With summer heatwaves starting ever earlier and 13 months in a row of record-breaking temperatures, some experts have asked whether this could be Europe's hottest summer ever.

Similar warnings were issued in neighbouring Croatia and further east and south. Croatia's main tourism resort, the southern Adriatic Sea town of Dubrovnik, recorded 28 degrees Celsius at dawn, signalling there won't be relief when the sun goes down.

Forest fires have been reported this week in Albania, near the border with Greece, as well as in Bosnia and Italy. Several blazes raged Thursday in Greece's southern Corinth area and on the eastern Aegean Sea island of Lesbos.

Warnings were issued for the region surrounding the capital Athens and other parts of central Greece Thursday, with a similar warning for the northeast of the country Friday.

Greek authorities have said that the country faces its highest wildfire risk in two decades this summer, following a mild, largely rainless winter and spring that have left vegetation tinder-dry.

This is off the back of 2023 being one of Greece's worst summers ever for wildfires when thousands had to leave their homes with untold damage to wildlife and biodiversity.

Meteorologists said temperatures were even higher than officially reported in big cities where sizzling concrete radiates the heat upwards and the asphalt softens under one's feet.

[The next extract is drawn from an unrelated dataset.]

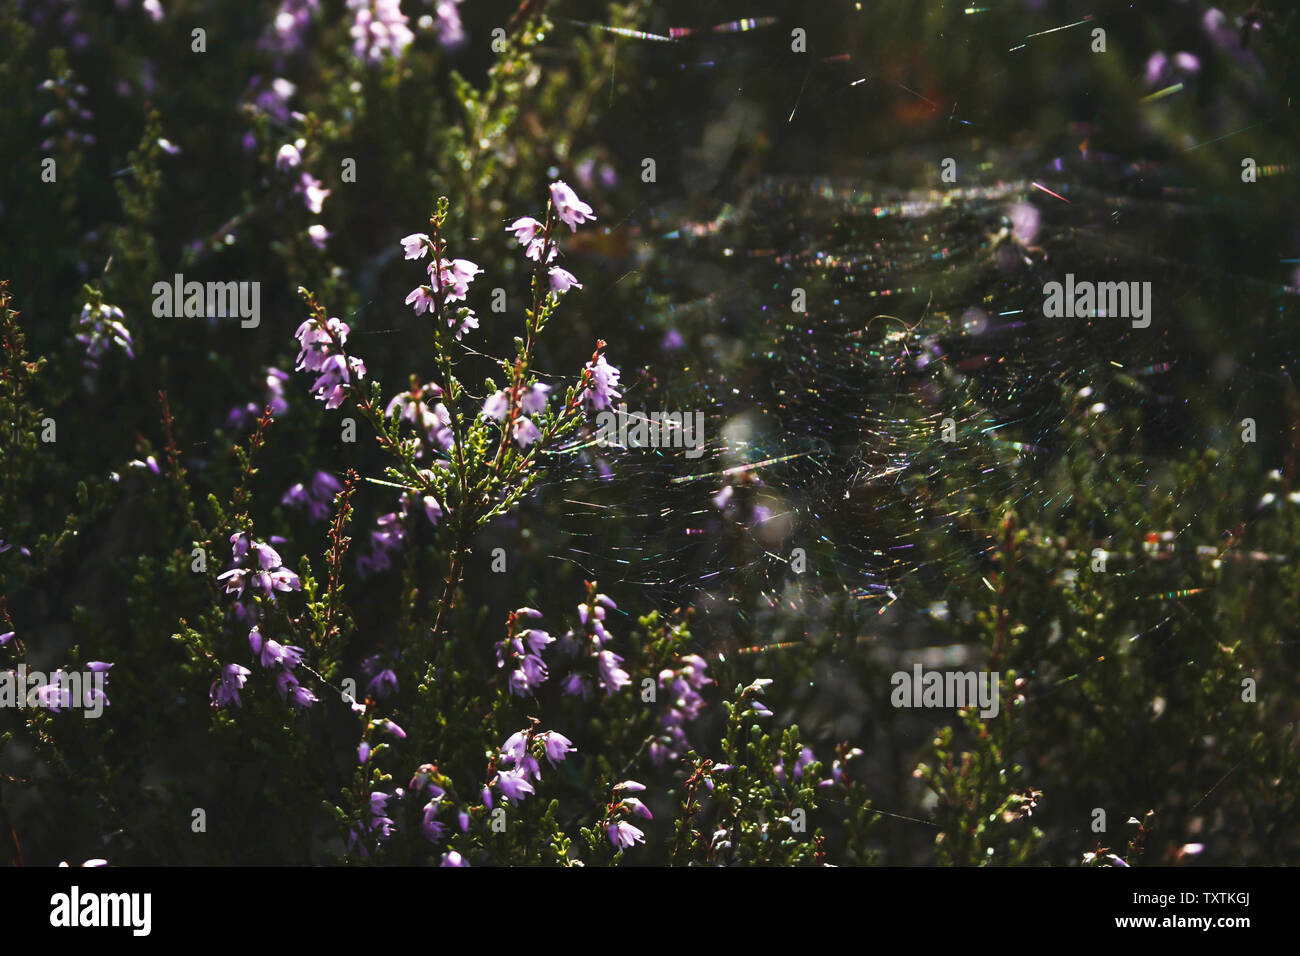 Una tela de araña en un purple heather bush iluminado por los rayos del sol. Cenas bog en Letonia. Foto de stock

“It was impossible to breathe yesterday," said Antonela Spičanović, from the Montenegrin capital of Podgorica, where temperatures reached 39C on Wednesday. The city seemed deserted with many of its residents staying indoors or heading for the Adriatic Sea coast or the mountains.

“I spend my days in the apartment, under the air conditioning," said Đorđe Stanišić, an electrical engineer also from Podgorica. “It’s hell outside.”

Mendim Rugova, a meteorologist from neighboring Kosovo, said temperatures in the country have risen on average by 2.5 degrees since the 1980s. He said the current heat wave could last until the end of July.

“In the region we could see temperatures above 40C, in parts of Albania, Northern Macedonia, in Greece and also in parts of Serbia,” he predicted.

In Czechia’s capital of Prague, where temperatures reached 34C Wednesday before dropping slightly Thursday, the city zoo use ten tons of ice to provide much-needed relief for the animals.

The ice was strategically placed around the zoo yesterday, creating cool spots where animals could find refuge from unusually high temperatures.

In the Romanian capital Bucharest, street thermometres showed 42C on Tuesday and Wednesday though the official measurements were a few degrees lower.

Neighbouring Serbia reported record temperatures so far this summer, with thermostats at 35C Thursday morning in the north of the country.

In the capital Belgrade, doctors reported treating people who collapsed, felt dizzy or complained of headaches due to the heat.

The World Meteorologicasl Organization and EU's Copernicus has previously warned that Europe is the fastest-warming continent, which comes with devastating health impacts, with temperatures rising at roughly twice the global average.

Serbian authorities have said that the use of air conditioning led to huge power consumption similar to levels normally seen in winter, when many in the Balkan country use electricity for heating.

During a previous heatwave last month, Montenegro, Bosnia, Croatia and Albania faced a major power outage amid the overload and a collapse of a regional distribution line. Earlier this month, a powerful storm swept the region after days of heat and killed two people, damaged houses while pulling out trees and flooding streets.

Experts say human-induced climate change has brought wild weather swings, increasingly unpredictable storms and heatwaves.